À ce qu'il paraît, c'est le premier film d'un certain Gu Xiaogang. Ben, on ne peut pas dire qu'il ait perdu du temps pour nous montrer qu'il a beaucoup de talent.
C'est une chronique familiale qui débute par l'anniversaire de la grand-mère qui, le jour même, fait un malaise, dont une des conséquences sera de la rendre sénile. Et on a quatre frères. Le premier tient un restaurant avec son épouse et doit faire face au fait que sa fille est tombée amoureuse d'un homme tout à fait respectable, gentil, serviable, travailleur, sauf qu'il est enseignant et un enseignant, ça ne croule pas sous la thune. Le deuxième, pêcheur de profession, a été obligé de quitter son logement, car l'immeuble dans lequel il vivait est en train d'être détruit. Ce qui fait que son bateau est devenu aussi son habitation par la force des choses. Le troisième, que sa femme a quitté et qui se charge seul d'élever son fils trisomique, a des grosses dettes de jeu auprès de types pas franchement recommandables. Il finira par comprendre que ça rapporte bien plus de faire jouer que de jouer, mais cela ne sera pas, aussi, sans grosses emmerdes garanties. Et le quatrième est un benêt ne pouvant que foirer les rencontres avec les potentielles épouses qu'on lui présente dans l'espoir de le caser...

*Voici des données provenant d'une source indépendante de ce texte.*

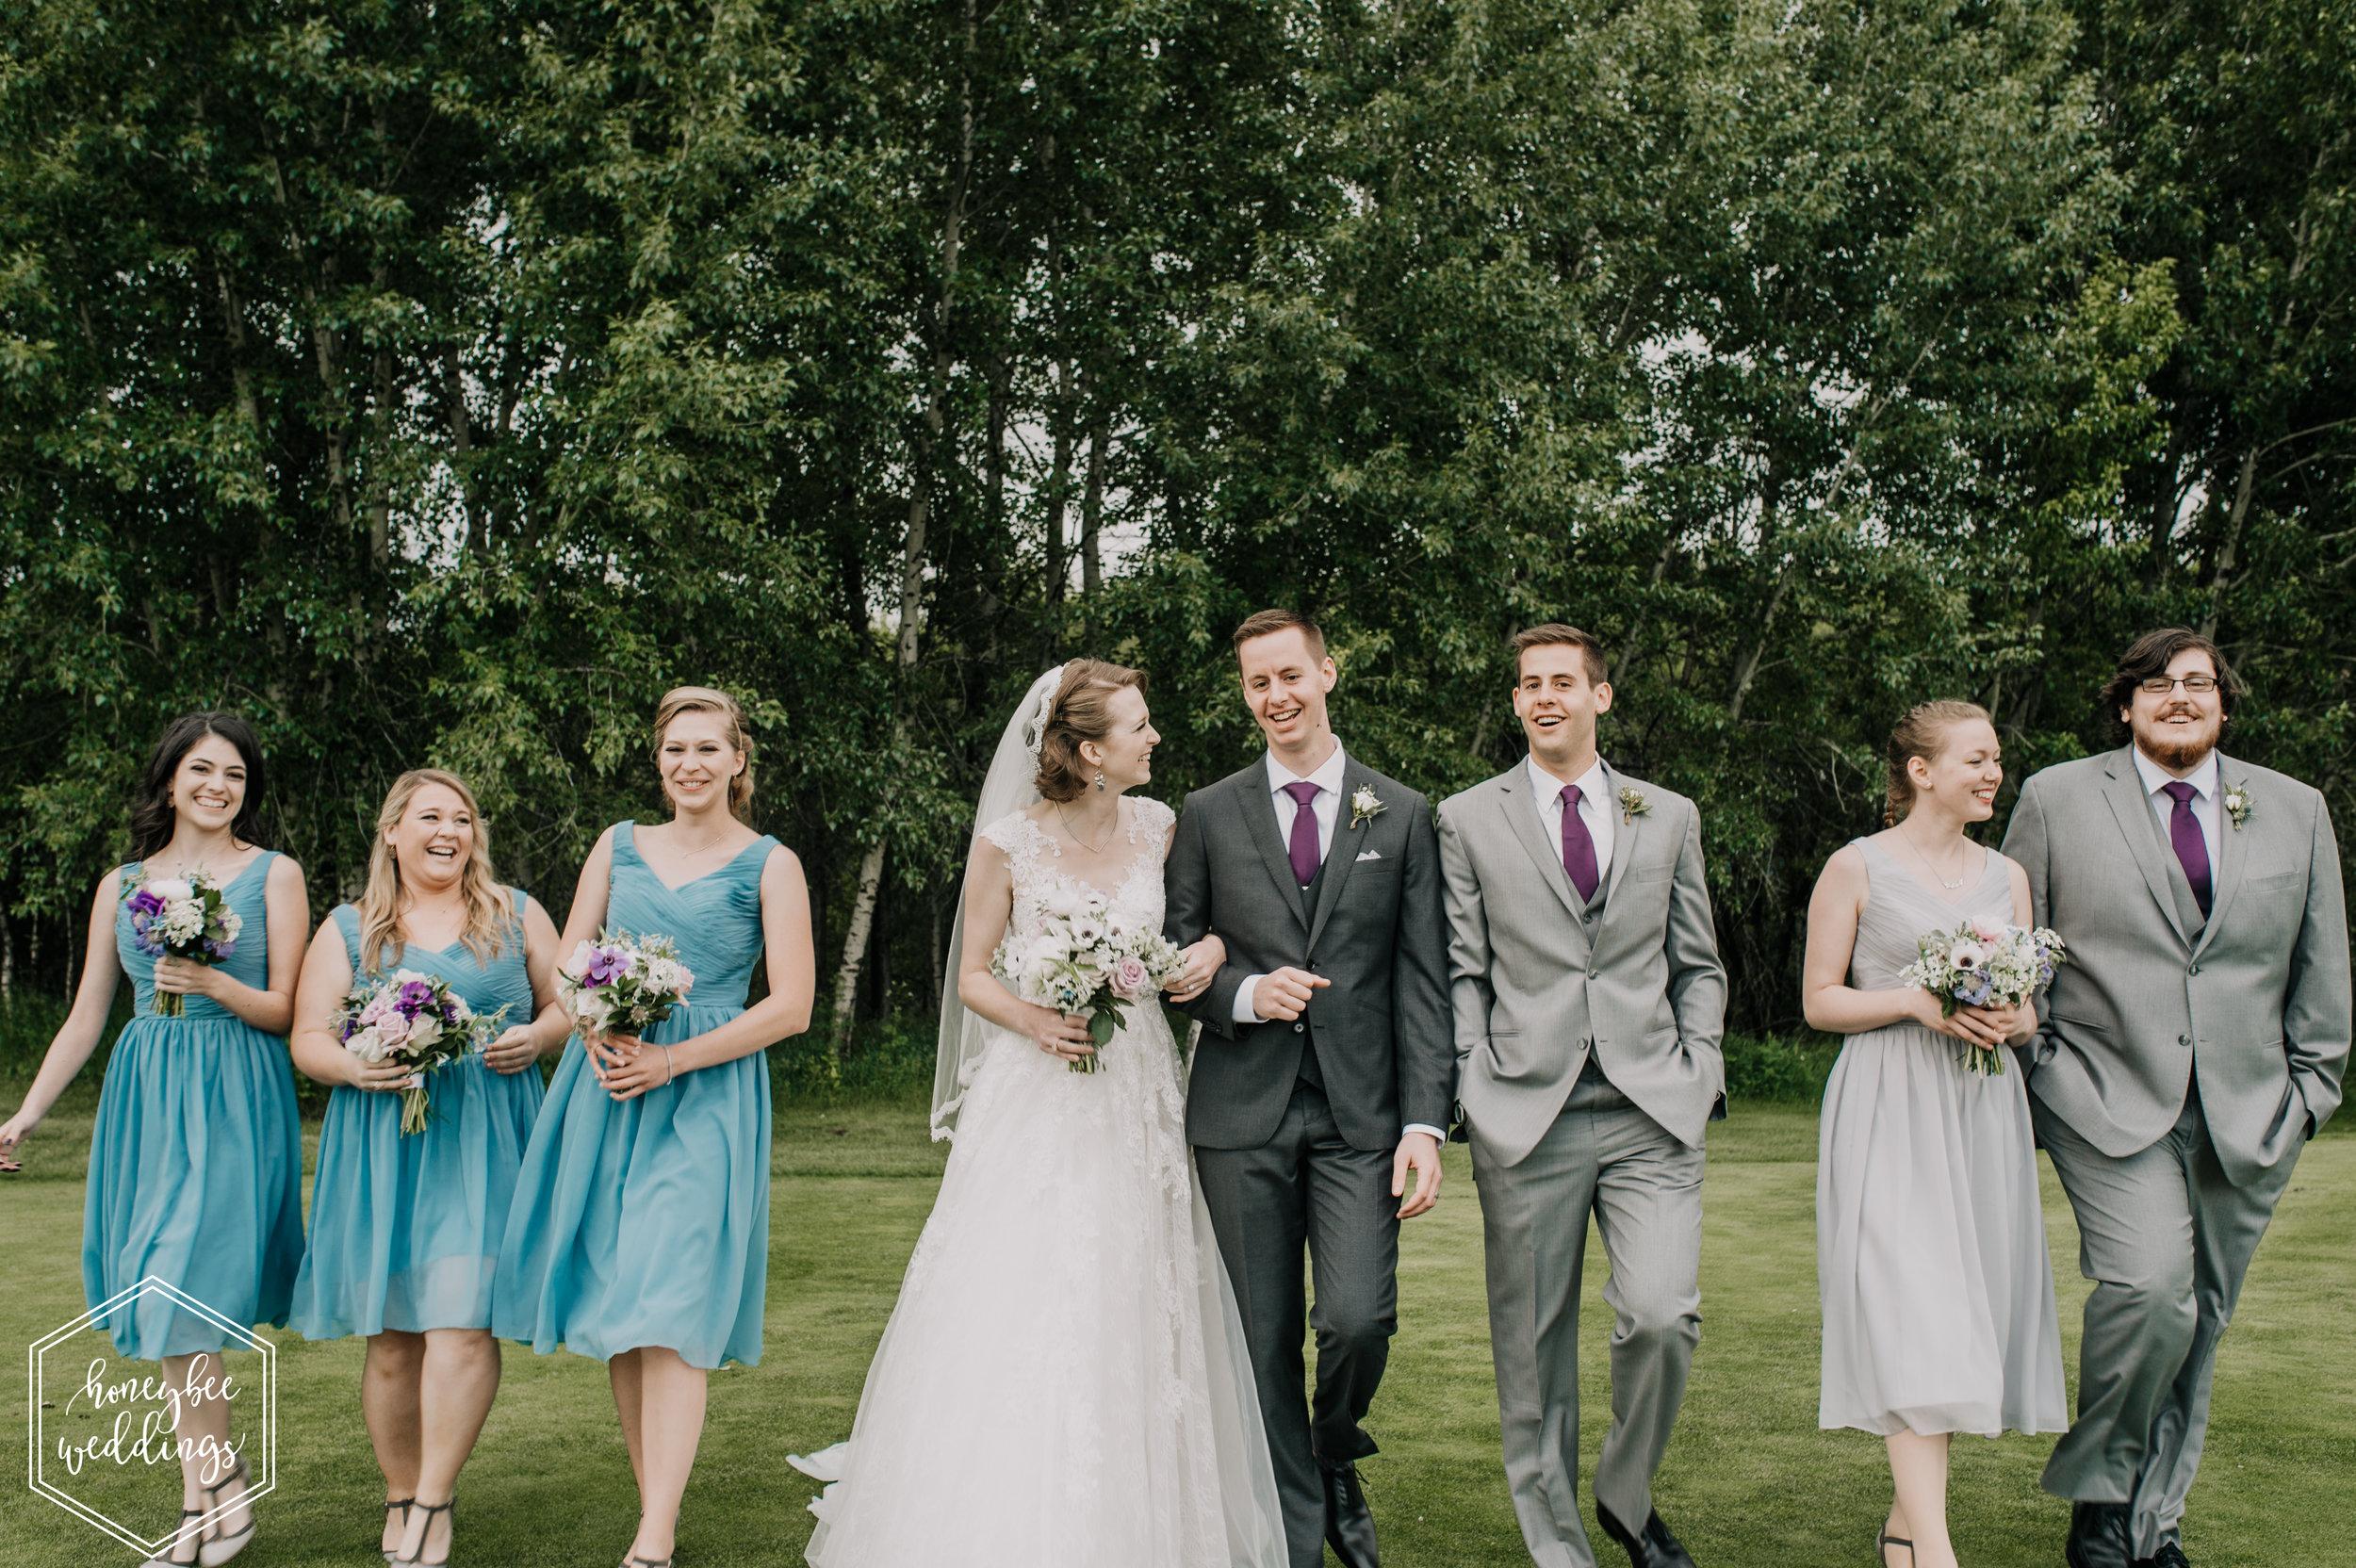 736 Riverside Country Club Wedding_Montana Wedding Photographer_Lauren Jackson + Evan Ivaldi 2018-8232.jpg

Bon, au début, je reconnais que j'ai mis un peu le temps à saisir qui est qui, qui fait quoi, tellement c'est fourmillant dès les premières minutes. Mais une fois que j'ai passé cette étape, ça va tout seul et on suit ces personnes normales, donc attachantes, avec leurs soucis normaux, la grand-mère dont on doit se charger, une vie de plus en plus chère, des soins médicaux qui sont loin d'être donnés ; un gros lot d'emmerdes et d'inquiétudes autour du Dieu Pognon auquel on est bien obligés de se soumettre. Un petit rayon de soleil, tout de même, avec la fille du premier frère et l'enseignant qui s'aiment d'amour tendre...

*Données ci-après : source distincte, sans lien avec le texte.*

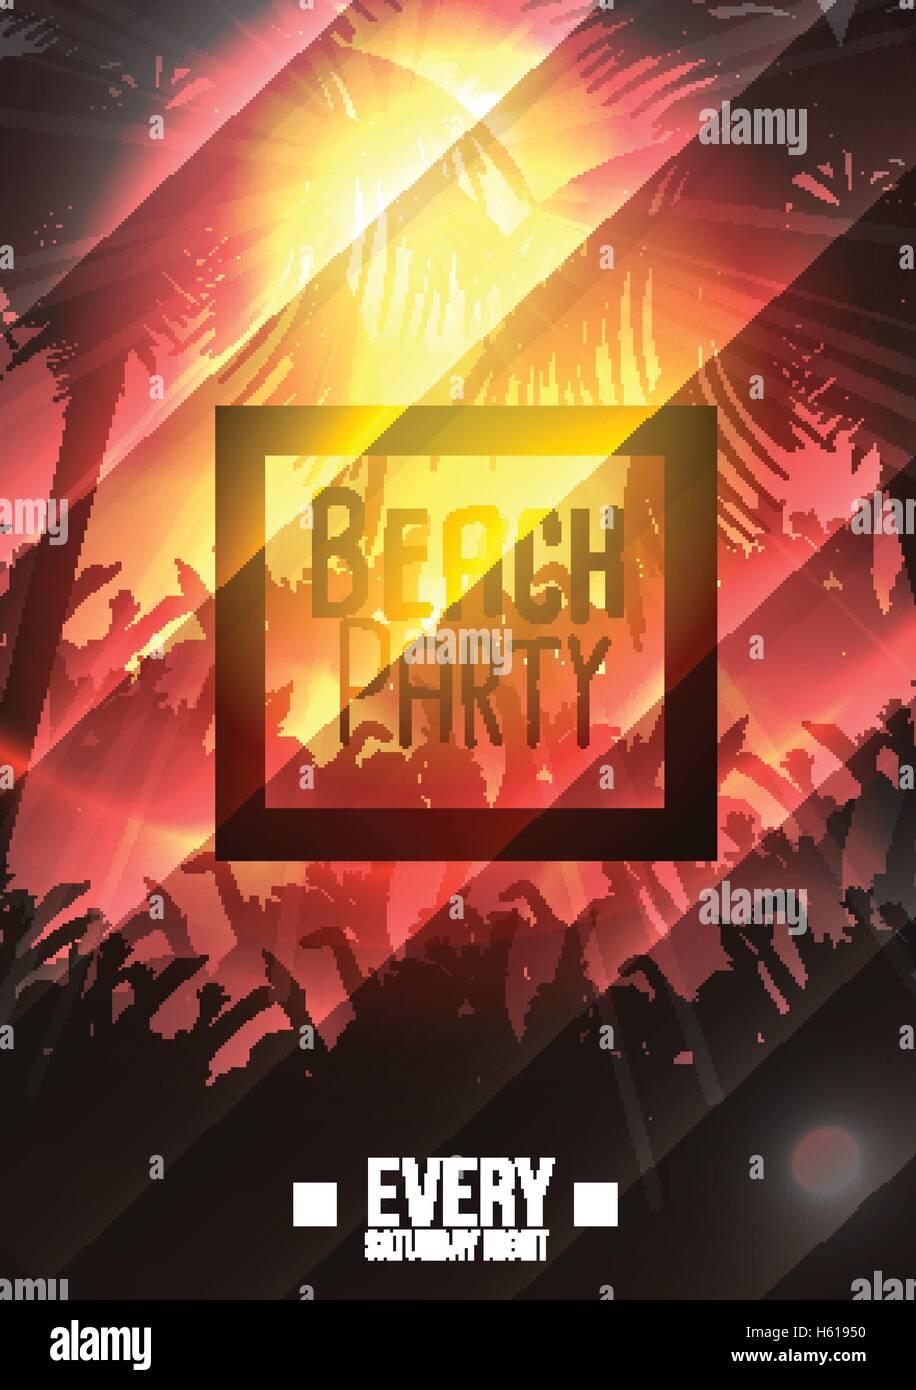 Summer Beach Party Flyer Template Stockfotos & Summer Beach Party ...

Gu Xiaogang peint cela magistralement (oui, j'ai envie d'utiliser ce verbe puisque les références au troisième art sont partout, jusqu'au titre même !), souvent avec des plans d'ensemble plaçant les êtres bien dans leur environnement, que ce soit au milieu d'un urbanisme stressant ou d'un peu plus de nature donnant un peu d'apaisement bienvenu. Dans cette optique, le plan-séquence fait fréquemment acte de présence, maîtrisé à la perfection par le cinéaste. Des exemples ? Cette scène où le jeune professeur nage le long d'un sentier forestier que suit sa bien-aimée pour finalement se rejoindre sur la terre ferme ou celle pendant laquelle on entend la conversation d'un homme et d'une femme, à l'aise tous les deux de complicité, tout en voyant le quatrième frère et une énième "candidate" avant qu'un mouvement de caméra nous révèle que ce sont en fait les deux amoureux précédemment cités (oui, le prof et la fille du premier frangin !) qu'on écoute ; non seulement, c'est une manière subtile de croiser le destin des quatre frères, mais en plus, ça pète la classe.

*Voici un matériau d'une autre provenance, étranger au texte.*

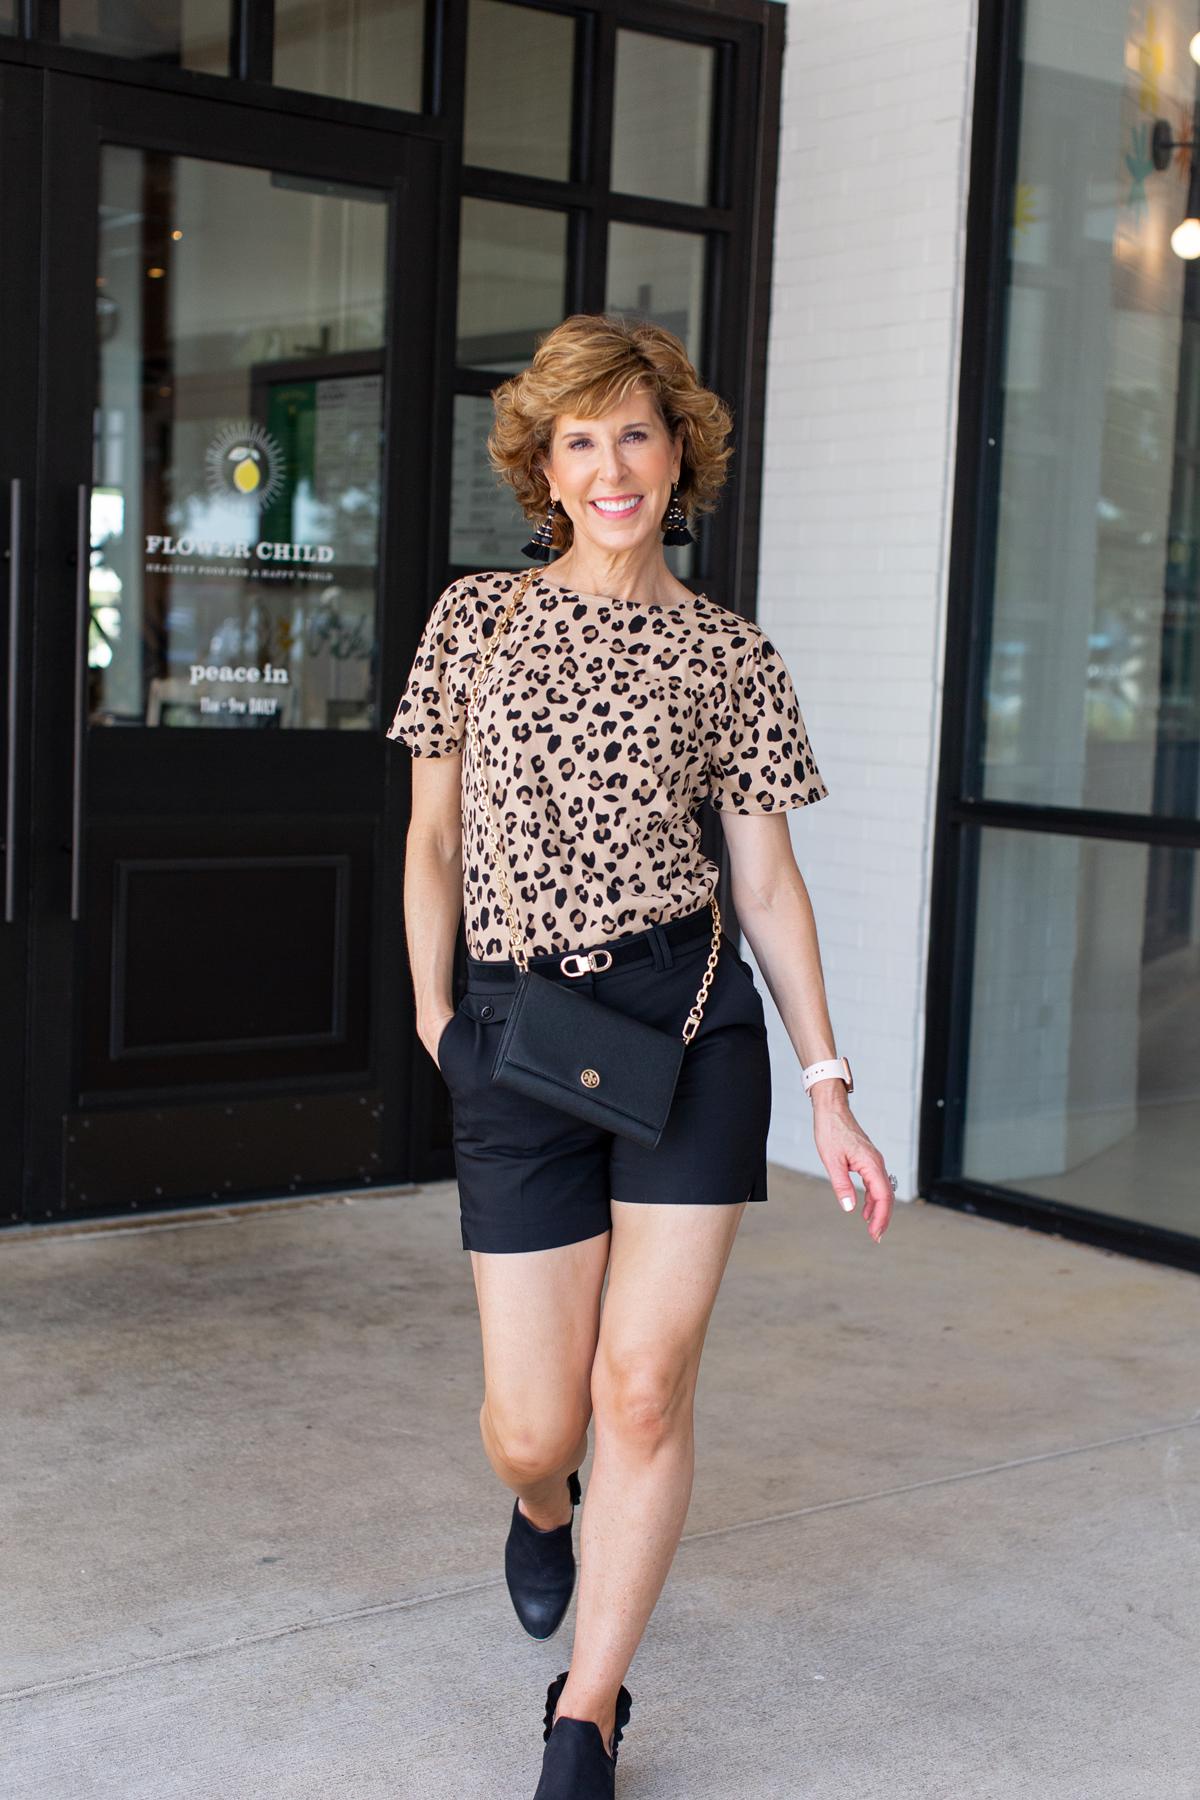 woman in leopard print top and black shorts walking toward camera

Oui, parce que si la profondeur est très présente par l'intermédiaire de personnages qui sonnent vrais, qu'on a l'impression de connaître depuis longtemps, dans le même temps, ça marque aussi sacrément des points sur l'aspect formel.
Et là où ça en jette grave aussi, c'est dans la manière d'introduire les saisons. Oui, parce que l'ensemble se déroule sur quatre saisons, j'avais oublié de le préciser. C'est d'une beauté renversante. J'ai rarement vu la splendeur des paysages et les particularités de ces périodes de l'année aussi bien mises en valeur. Ouah d'admiration...
À la fin, Gu Xiaogang nous fait comprendre qu'il y aura un deuxième volet. Sauf mauvaise surprise qui serait due à des circonstances extérieures, je compte bien être au rendez-vous.